Fässler Daniel · Ständerat · Appenzell I.-Rh. · Die Mitte-Fraktion. Die Mitte. EVP. · 2019-12-18

Wortprotokoll

Wer Personendaten bearbeitet, darf die Persönlichkeit der betroffenen Personen nicht widerrechtlich verletzen. Dieser Grundsatz wird in Absatz 1 festgeschrieben. In Absatz 2 wird im Sinne einer nicht abschliessenden Aufzählung festgelegt, in welchen Fällen bei der Bearbeitung von Personendaten eine Persönlichkeitsverletzung vorliegt. Die vom Nationalrat in diesem Punkt übernommene Vorlage des Bundesrates sieht in Buchstabe c [PAGE 1246] vor, dass eine Persönlichkeitsverletzung insbesondere dann vorliegt, wenn Dritten besonders schützenswerte Personendaten bekannt gegeben werden.

Die Kommissionsmehrheit beantragt Ihnen, bei der Bekanntgabe von Personendaten an Dritte generell eine Persönlichkeitsverletzung anzunehmen. Etwas anderes soll im Sinne eines Rechtfertigungsgrundes nur gelten, wenn die betroffene Person die Bekanntgabe an Dritte ausdrücklich genehmigt hat. Die Mehrheit Ihrer Kommission schlägt Ihnen vor, zu diesem Zweck Artikel 27 mit einem Absatz 3 zu ergänzen. Der Antragsteller in der Kommission argumentierte damit, dass der Schutz ungenügend sei, wenn nur die Weitergabe von besonders schützenswerten Personendaten als Persönlichkeitsverletzung qualifiziert werde. Mit Blick auf die Aufzählung in Artikel 26 Absatz 2 Buchstaben a und b sei es folgerichtig, die betroffenen Personen vor der Weitergabe jeglicher Personendaten zu schützen, sofern sie nicht ausdrücklich in die Weitergabe an Dritte eingewilligt hätten. Als Beispiel wurde die Weitergabe von Personendaten für Werbezwecke genannt. Wer in die Bearbeitung seiner Personendaten einwillige, sei sich vermutlich nicht bewusst, dass diese für Werbezwecke weitergegeben werden könnten.

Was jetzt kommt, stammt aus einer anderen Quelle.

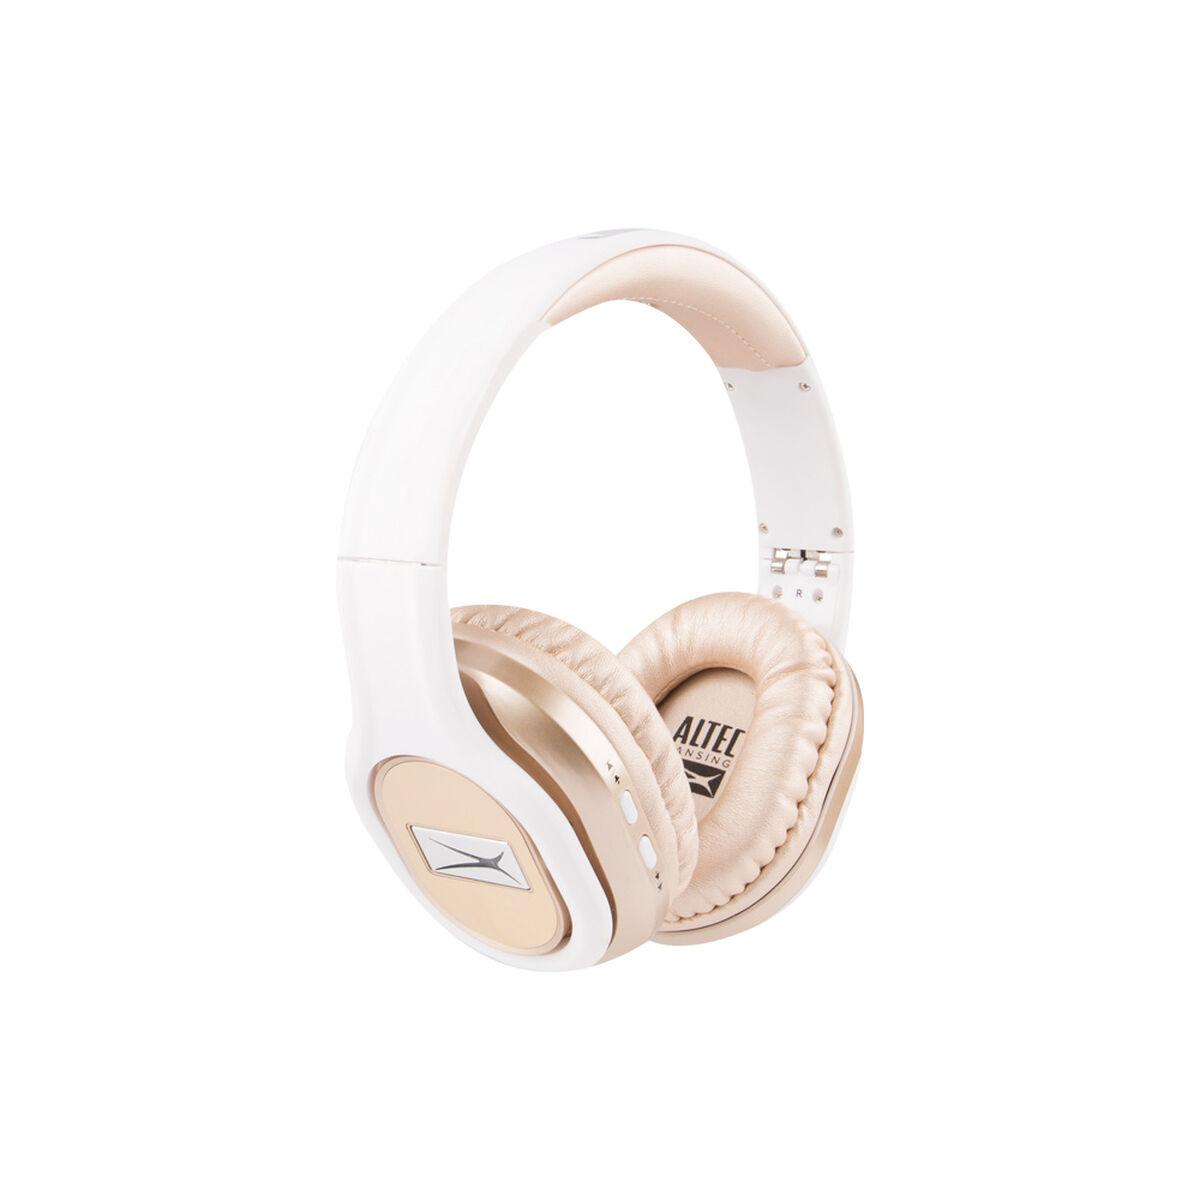 Audífonos Bluetooth Altec Lansing MZX667 Dorados

Die Minderheit beantragt Ihnen, in Übereinstimmung mit dem Nationalrat bei der Version des Bundesrates zu bleiben. Namens dieser von mir selber angeführten Minderheit weise ich darauf hin, dass es in der Schweiz einer privaten Person heute grundsätzlich erlaubt ist, Personendaten ohne besondere Grundlage zu bearbeiten. Eine Einwilligung der betroffenen Person ist nicht erforderlich. Erst wenn die Datenbearbeitung zu einer Persönlichkeitsverletzung führt, braucht es einen Rechtfertigungsgrund. Dies ist beispielsweise bei der Weitergabe von besonders schützenswerten Personendaten an Dritte der Fall. Mit einer Verschärfung im Sinne der Kommissionsmehrheit würde die Schweiz einen fundamentalen konzeptionellen Systemwechsel vollziehen und damit über das europäische Recht hinausgehen und zudem einen enormen administrativen Aufwand verursachen.

Folgen Sie der Minderheit und damit Bundesrat und Nationalrat, bleiben Sie beim Entwurf des Bundesrates. Der Entscheid über diese Differenz fiel in der Kommission mit 5 zu 4 Stimmen knapp aus.